Coronavirus crisis demands agile advertising
Weathering the coronavirus current storm is the key concern, as agencies and production companies continue to discuss possibilities with clients, necessitating agility and creative solutions. But what do the next few months hold?
“That is THE question” says Steve Davies Chief Executive of the Advertising Producers Association. “There is some prospect of companies surviving for a few weeks, by being able to cut overhead in a way that would not have seemed possible even a month ago, together with the Government help for employees in particular, but a few months would prove impossible for many companies. I am hoping we may be back to something like normal mid- June. But I could be completely wrong of course. The key indicator is how China gets on relaxing its social controls - hopefully it goes well but if they let people out and infections rise again, the outlook would be very bleak”.
Helen Hadfield, co-founder of production company Snapper Films says: “I think it is a question of remaining as agile, adaptable as possible if we are going to have a future. I think the difficulty which we are all having to deal with is the massive amount of uncertainty. I don’t know what the future holds, and you have to learn to live with the uncertainty, and to look for opportunity and be more geared to how you grow something and develop it, not how you preserve a status quo.” One such option for the production company is directing duo Stefano & Alejandro who, under lockdown in Madrid can continue to work in their private studio.

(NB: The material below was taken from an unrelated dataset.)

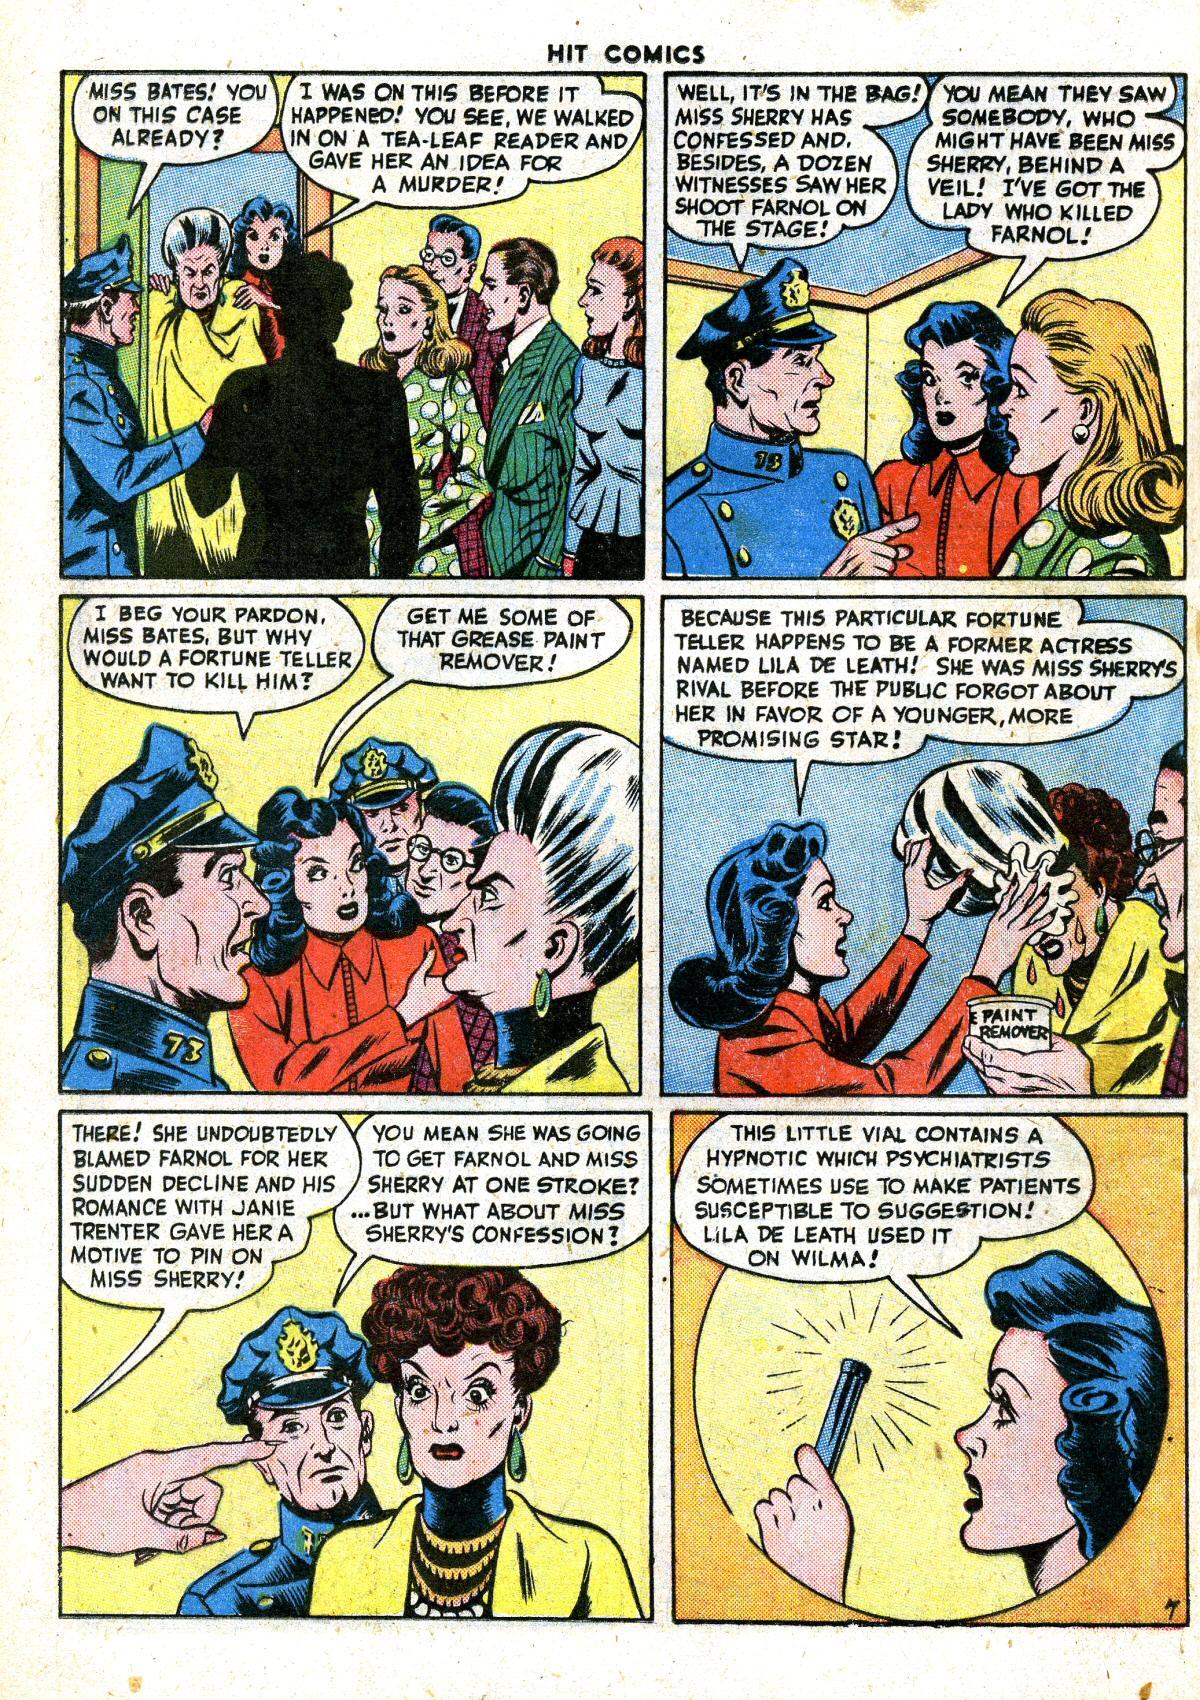 Read online Hit Comics comic -  Issue #41 - 36

Davies notes that “agencies are doing a great job in discussing what is possible with clients and with engaging production companies - either to find routes now - most likely animation or VFX routes at this moment, or reediting material and working toward our aim of having some productions ready to go when restrictions are lifted - so we can hit the ground running”.
Agencies meanwhile have been busy in recent weeks as priorities and consumer habits dramatically change. On-going research conducted by Havas Media on a fortnightly basis during the crisis shows that live TV viewership social media sites and newspaper readership are all up while out-of-home eyeballs are way down. As expected, news channels have reported high viewing figures, but so are streaming and media platforms offering escapism, entertainment and digital networking as people stay at home.
One source at a London agency says they have been particularly busy. “We had a big campaign planned when Covid-19 came up, and everything we had been planning since November was irrelevant but there were still slots to fill. It has been really busy”. Although brand’s budgets are not diminishing, campaigns are being deferred, “some are cancelling campaigns, but we are trying to tell them not to cancel but to defer, and often that means the messaging has to change as you are working for a new world”.
“What is required of creative and production companies right now is they need to work much more quickly, as the client will have a need for new creative that they just were not predicting they would need. Slots have been bought, and if you don’t turn up with the assets, usually it is tough luck”, they say.
According to Davies, the impact of coronavirus is completely different to the 2008 crash, when there was work, just less of it. “Now we are looking at 2 or 3 months of virtually none. But, what we know here is that when this pandemic is over, there is no reason why advertising won’t bounce back strongly - the V shaped recession that Sir Martin Sorrell refers to, rather than staggering on in the doldrums for some time like a regular recession”.
Hadfield offers an interesting perspective on what that future may look like. “People’s priorities have to shift to the human and that is actually what we have been crying out to do in advertising,” she says. “Shift the perspective to the human, that is what brands need to be conscious of, it’s what advertisers need to be conscious of, it’s what we need to be conscious of. It’s going to be very hard, I think to survive the changes that are going to happen. But I think that it is in the end going to come down to a value system. That is what is going to shift massively through this kind of crisis. It always does, this is like a war-time situation”.